Rising Oil Prices Are Greasing The Trade Gap
Friday, June 09, 2006LINDA O`BRYON: The U.S. trade gap widened in April, after two months of declines, thanks to higher oil prices and growing imports from China. Still, the increase was less than most analysts expected. And as Stephanie Dhue reports, there are some positive trends in the numbers for American manufacturers.
STEPHANIE DHUE, NIGHTLY BUSINESS REPORT CORRESPONDENT: The gap between what the U.S. sells overseas and buys from other countries rose to over $63 billion in April, a 2.5 percent increase from March, but still lower than the $65 billion deficit analysts predicted. The tab for foreign oil accounted for almost all of the increase in that gap. Crude oil topped $75 a barrel in April. While that widened the trade gap, it actually may help domestic manufacturers take back market share from importers.
CHARLES MCMILLION, PRESIDENT AND CHIEF ECONOMIST, MBG INFORMATION SERVICES: Some producers of goods, at least, may be beginning to reconsider their global sourcing models. Those models were developed during a time of very cheap oil and cheap transportation.
DHUE: Imports of Chinese furniture, toys and electronics helped grow the politically sensitive trade deficit with China. But there are some signs the trade gap in manufactured goods, which make up two-thirds of the trade deficit is stabilizing. The U.S. trade gap with the European Union narrowed more than 7.2 percent to $9.4 billion.
FRANK VARGO, VP INTERNATIONAL ECONOMIC AFFAIRS, NATIONAL ASSOCIATION OF MANUFACTURERS: If we are reading the trends correctly, and the manufacturing balance is turning, that would be good news for the third quarter or the fourth quarter of this year.
DHUE: The dollar rallied this morning on news of the better-than- expected trade numbers.
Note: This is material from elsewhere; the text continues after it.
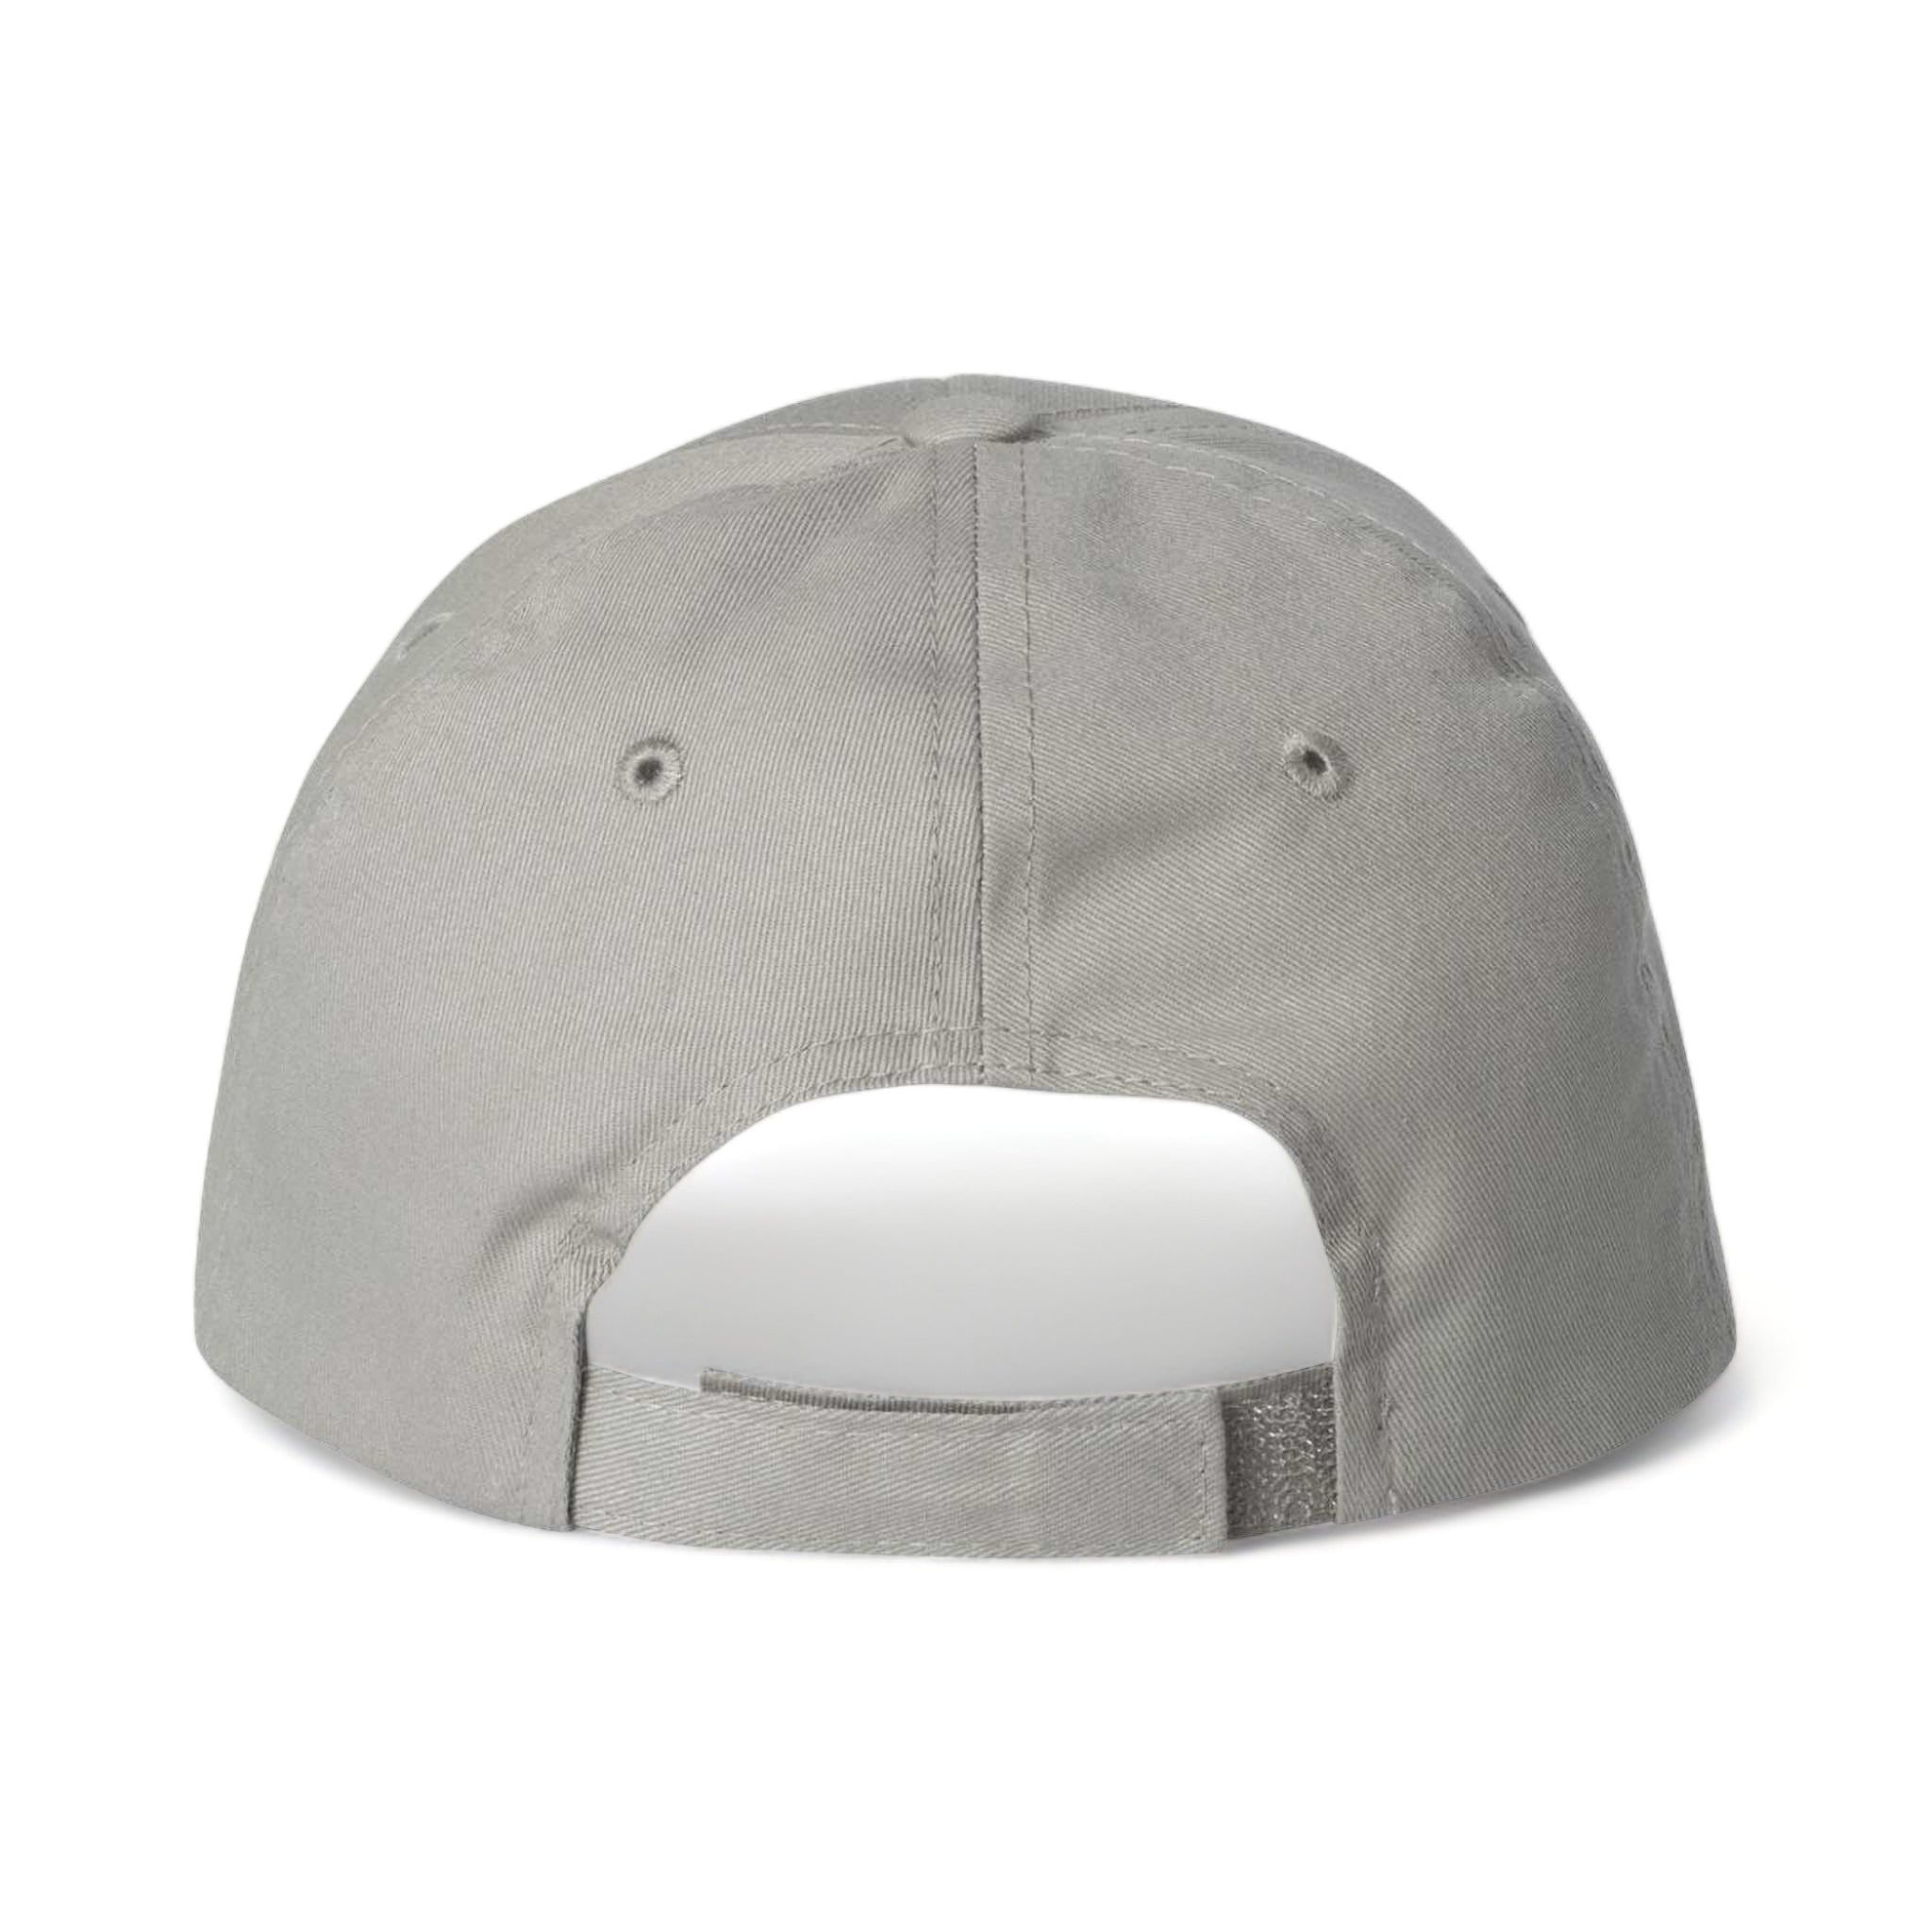 Back view of Sportsman 2260 custom hat in grey

But analysts say the currency markets aren`t discounting the risk of the trade deficit.
ALEX BEUZELIN, SENIOR MARKET ANALYST, RUESCH INTERNATIONAL: This is still seen as one of the key risks facing the U.S. dollar over the medium and longer term, but I think that the trade deficit is not seen as quite the risk for the dollar here in the short term, given the markets` renewed focus on the Federal Reserve.
DHUE: A softer dollar would help lower the trade deficit and analysts expect the dollar to weaken once the Federal Reserve takes a pause raising rates. Stephanie Dhue, NIGHTLY BUSINESS REPORT, Washington.